I know raising a family is hard and I know how worn out you get. Things grow old and children grow up.
Trust me when I say the time will pass more quickly than you can ever imagine possible.
I wrote the following many years ago, although the older I get the more it seems like yesterday. It was written as a birthday wish but it seems fitting for this time of year. Possibly some of you will be able to relate.
I am so very tired. I don't think there is one drop of anything left in me for anyone. Mary, down the street, has the flu and her whiny, runny-nosed four-year-old and belligerent three-year-old have spent the entire day badgering our whiny, runny-nosed four-year-old and our belligerent three-year old. My head pounds. I burnt the stew I was making for Mary's family's dinner and I burnt my hand in my efforts to salvage it.

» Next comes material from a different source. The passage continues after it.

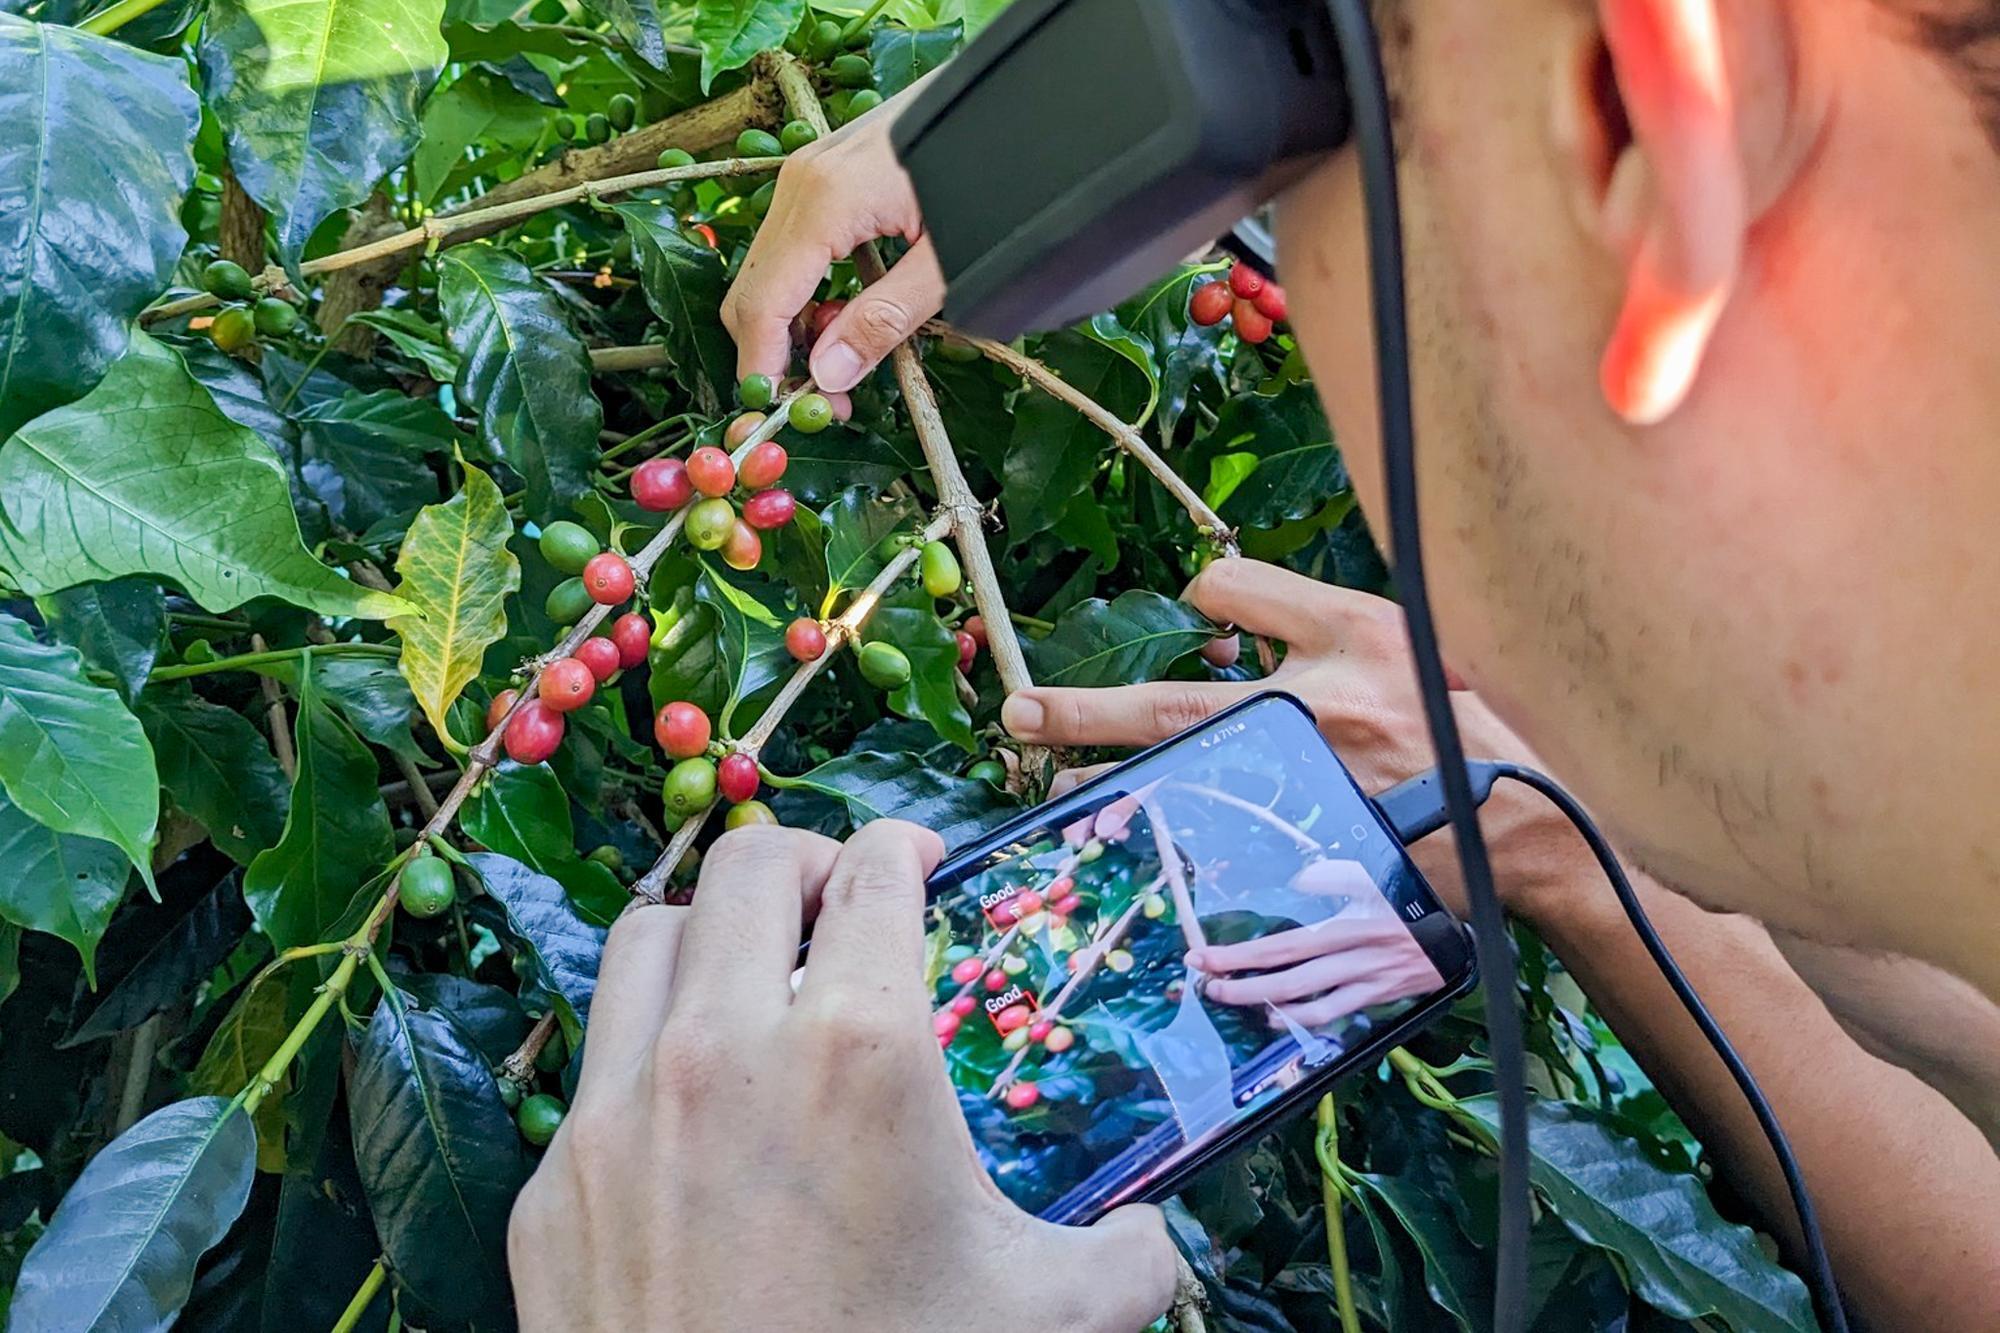 Utilizing AI recognition technology and smart glasses, Professor Nen-Fu Huang (黃能富) from the Department of Computer Science at NTHU educates children on determining when coffee beans are ripe for harvesting.

Mr. Roger's sweetness drones from the television in the adjoining room---nauseating sweetness combined with seemingly unlimited patience that somehow keeps the kids occupied and blissfully quiet for a few minutes.
A familiar tune comes to my ears. Dave is walking up the driveway whistling his signature greeting. Opening the back door he quickly takes in the disarray, crosses the room in two quick strides, kisses me gently on the forehead and while holding me close, kindly asks me about my day. He pretends not to notice the sudden welling of tears that make my eyes sparkle.
He loves me and he tells me so. My birthday is next week, on Saturday, and he asks me what I would like. We don't have much money but what I want at this time, more than anything in the world, doesn't cost a dime. Dare I tell him? Dare I? Yes. He loves me and he will understand.
"What I want," I begin hesitantly and in a slightly choked up voice, "is to have you take the kids somewhere for the whole day so I can have the entire Saturday to myself."
He looks sad. Have I hurt him? He doesn't understand.
He holds me even closer and starts to speak. He stops. He has to clear his throat. Maybe he does understand but if he does, what can be so hard for him? It won't cost anything; well, maybe a little if he takes them to a show or for a burger. But it won't cost much and he enjoys spending time with the kids. He is very thoughtful and good at taking them on occasional outings when I am busy.
Yes, he is very thoughtful and therein lay his dilemma.
"I can't give you that for your birthday. A birthday is a very special occasion, especially for kids. How would they feel if they knew that what you wanted was a day, all by yourself, without them? I understand, but they could not."
Yes, he is very thoughtful and very wise.
Many years and many birthdays have passed. The kids are grown now and would fully understand the desire of a tired young mother to have a day to herself; would understand that it was not a reflection of her love for them but rather a chance to renew and refuel, that she could continue to give.
I no longer need a Saturday alone. I have many of them. Now I have an over abundance of self to give and no children nearby to give to.
I hear a familiar whistle coming up the drive. He is so kind and so thoughtful and so wise. He opens the door, views the quiet and spotless surroundings, crosses the floor in two strides, tenderly takes me in his arms and kisses my forehead. My eyes are sparkling and he pretends not to notice the sudden welling of tears.
Thank you to our daughter and five sons for the opportunity to be a mother ----- YOUR mother.
Thanks to our four daughters-in-law who are great wives/mothers to our sons and grandchildren.
Special love to my mother and mother-in-law, now deceased, for their kindness, love, care, and understanding.
May our Heavenly Father's choicest blessings and comfort continue to be with all of us, whoever and wherever we are throughout the world, as we undertake this most important of all roles---Motherhood.
Simply, Gail
1 comment:
that was very lovely, mom... how strangely time passes!!! happy mother's day! i love you!!!!